Collagen ELISA Protocol

At least eleven genetically distinct gene products are collectively referred to as 'collagen types' or other proteins and proteoglycans of the extracellular matrix. In humans, collagens are composed of about 20 unique protein chains that undergo various types of post-translational modifications and are ultimately assembled into a triple helix. This results in great diversity between collagen types. Collagens are highly conserved throughout evolution and are characterized by an uninterrupted "Glycine-X-Y" triplet repeat that is a necessary part of the triple helical structure. For these reasons, it is often extremely difficult to generate antibodies to collagens. The development of type specific antibodies most often is dependent on non-denatured three-dimensional epitopes.

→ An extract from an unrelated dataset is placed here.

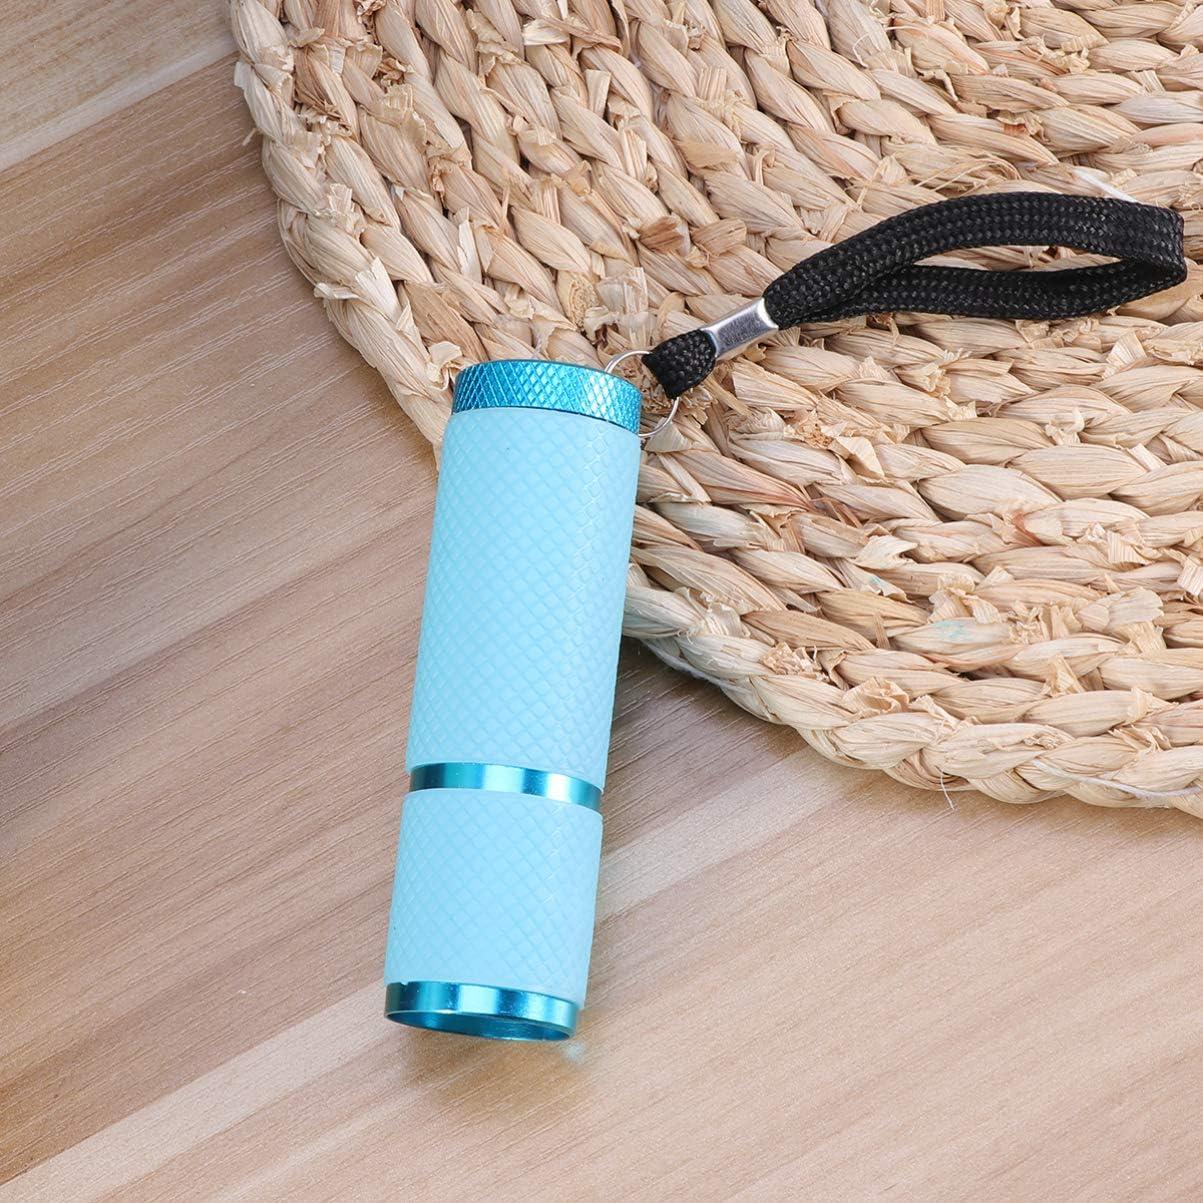 Rosa Beaupretty Mini Linterna Led Uv Luz Negra Detector de Linternas Herramienta de Iluminaci/ón Exterior para Acampar Viajes de Senderismo sin Bater/ía

Rockland extensively purifies collagens for immunization from human and bovine sources by limited pepsin digestion and selective salt precipitation. After isolation from rabbit antiserum, these antibodies are extensively cross-adsorbed by immunoaffinity purification to produce 'type' specific antibodies that are well suited to detect extracellular matrix proteins in normal and disease state tissues.

Procedure

1. Coat the plate with unlabeled anti-collagen (type specific) at 10 µg/mL.
2. Use biotinylated anti-collagen (same specificity) at a concentration of 0.1 µg/mL.
3. Dissolve the collagen firstly in 0.5 M Sodium Acetate.
4. Dilute the collagen in 0.05 M Tris Cl, 1.0 M Sodium Chloride, pH 7.4.
5. Perform serial dilutions of the collagen using the Tris/NaCl buffer.
6. Perform all steps at 4°C using overnight incubations.
7. All buffers are to be at 4°C.
8. Use Streptavidin-HRP for detection.